- Ricardo Mayorga frente al más
temible rival
Edgard Tijerino M. [email protected]
Pese a mis 32 años en esto de la crónica deportiva, y al hecho de haber cubierto más de 60 peleas de Campeonatos Mundiales, confieso que no he vivido lo suficiente para entender por qué en la primera pelea de Ricardo Mayorga, después de haberse coronado titular de peso welter de la Asociación Mundial de Boxeo (AMB), se ha decidido lanzarlo a las brasas, colocándolo frente al invicto, crecido y temido, Vernon Forrest.
Recuerdo cuando en 1982 escribí aquella nota ¿Por qué Pryor?, si Alexis Arguello tenía otros caminos menos riesgosos mientras se establecía en las 140 libras… En esos momentos, el más difícil adversario imaginable para “El Flaco”, era el verdugo de Kid Pambelé.
Hoy, 20 años después, Forrest, dos veces vencedor indiscutible del fenomenal Shane Mosley, aparece en pantalla como una especie de boxeador prohibido, y retarlo, supone una tarea tan titánica, como la de Teseo en el Laberinto de Dédalo, fajándose con el Minotauro.
Sigo confundido: ¿por qué Forrest?
No podemos dudar sobre la astucia, experiencia y manejo de los hilos y las posibilidades de diferentes púgiles por parte de Don King, pero la forma que el boxeo se ha adormecido, le ha quitado impulso y lo ha obligado a maniobras imprevistas.
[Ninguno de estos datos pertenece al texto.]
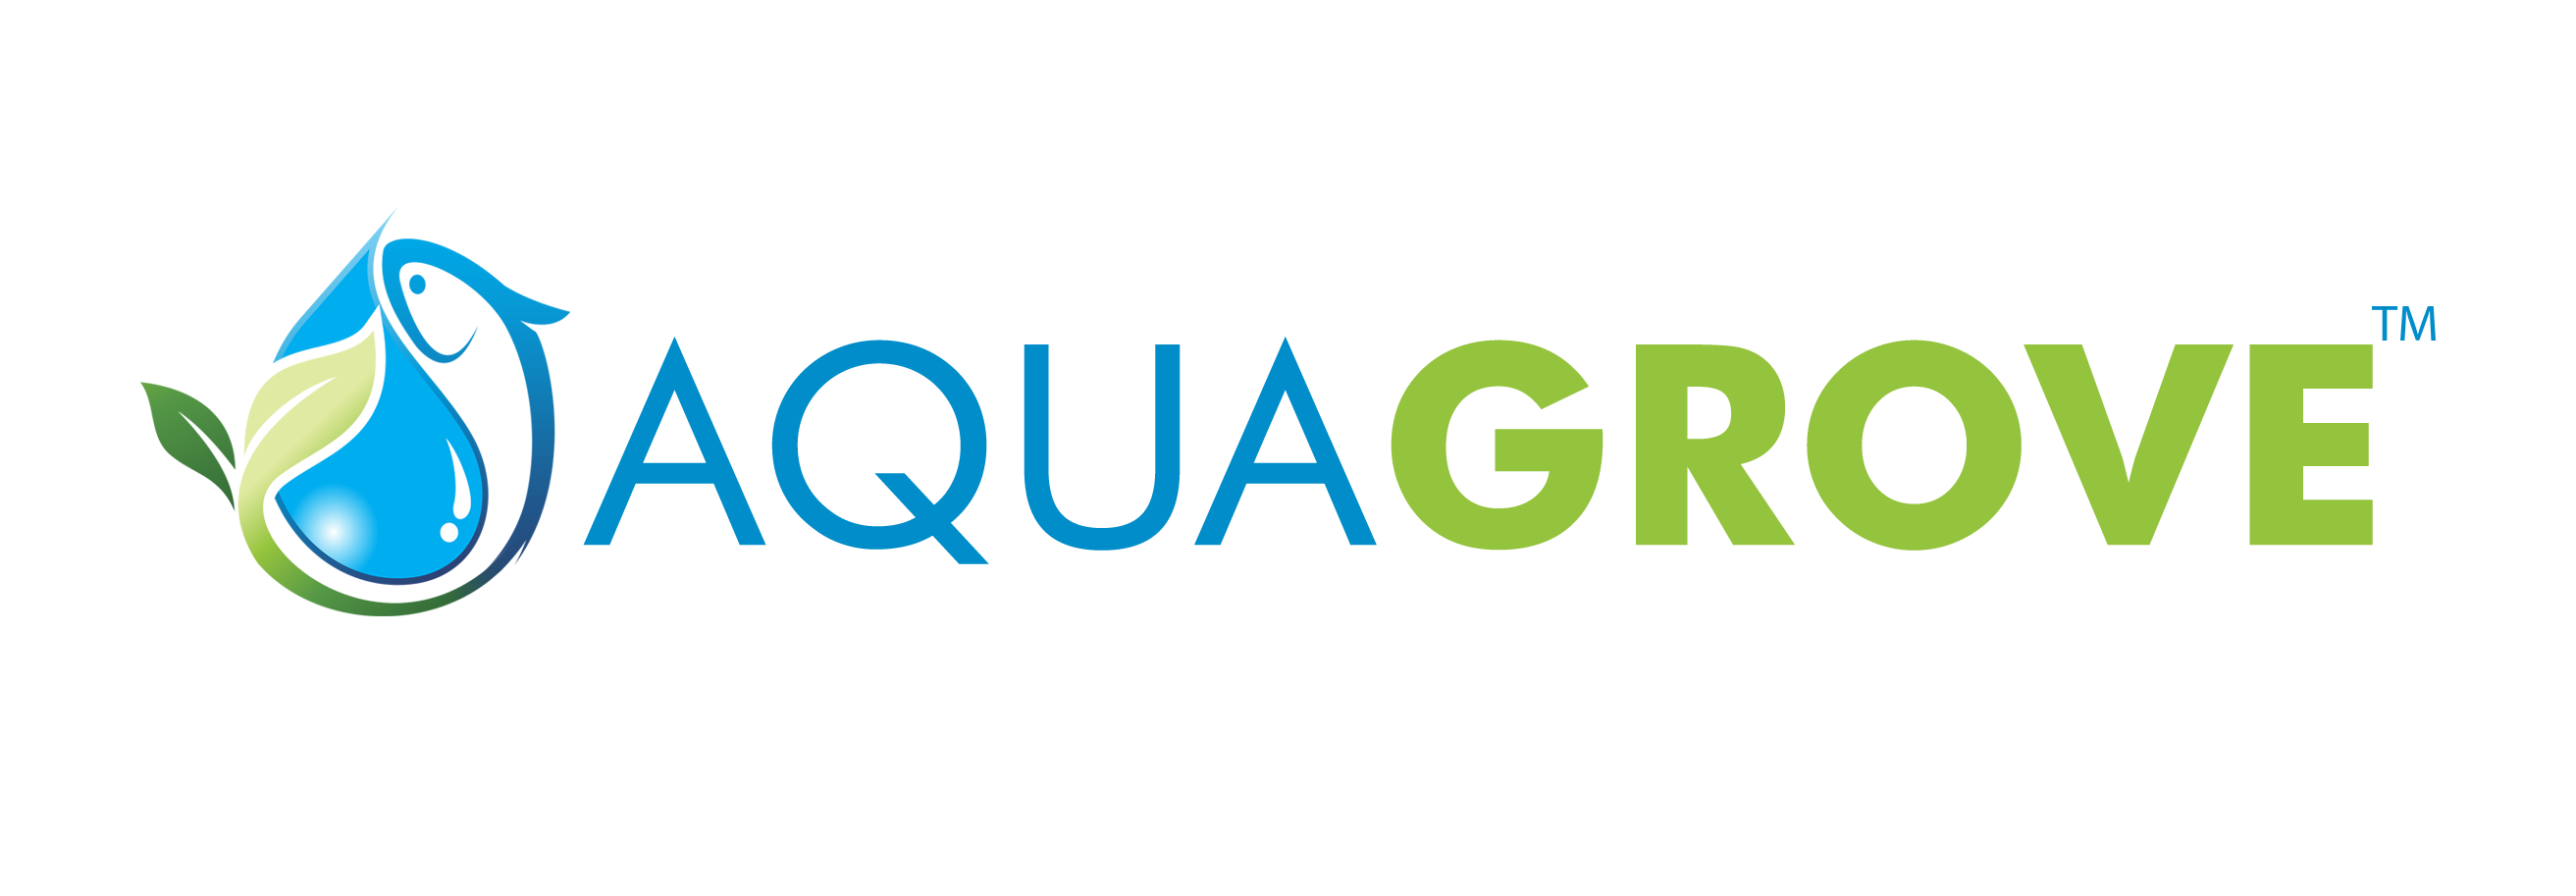 Aquagrove Logo

Siendo Mayorga un púgil en construcción, y manejado por Carl King, no entiendo por qué empujarlo hacia el “Lobo Feroz”, si podía detenerse un poco con la Caperucita y su Abuelita acumulando dinero, mejorando su currículum y terminando de establecerse.
¿Cómo explicar esta decisión, con King tratando de cuidar lo que invirtió en conseguir el contrato de Mayorga, para que lo manejara su hijo?
Cierto, Mayorga es bravo, audaz, capaz de abordar el Titanic a pocos metros de la montaña de hielo, dueño de una furia incontrolable y con un par de manos pesadas, pero los recursos boxísticos de Forrest, su hábil aplicación de variantes, la excelente utilización de su alcance y su movilidad, esa facilidad para el contragolpe y las descargas precisas desde diferentes ángulos, nos indican que puede torear el peligro como lo hacían Manolete o El Córdobes.
No existe, en la valoración de los expertos, un mejor peleador en el casillero welter que Vernon Forrest, y aparentemente, Mayorga necesita más herramientas que su capacidad de agresión, para poder escapar a la telaraña que Forrest puede tejer a su alrededor.
Héctor Pérez es un hombre que sabe mucho de boxeo y confía en el punch de Mayorga, en la búsqueda de un resultado inesperado… Hay muchas historias en las que el tolete, elimina la destreza, pero es una apuesta muy riesgosa.
George Foreman tenía el poder para convertir en astillas la cabeza y las costillas de Mohamed Alí, así como Mike Tyson daba la impresión de poder destrozar a un Evander Holyfield inspirado y cerebral aquella noche del mes de noviembre de 1996 en Las Vegas… En ambos casos, los arquitectos se impusieron, y Forrest es de esa línea de boxeo.
Bueno, a esta altura, la suerte está echada y Mayorga no tiene otra alternativa que cruzar el Rubicón.
Aún viéndolo ganar con una fiera y destructiva combinación de golpes, me seguiré preguntando: ¿por qué Forrest?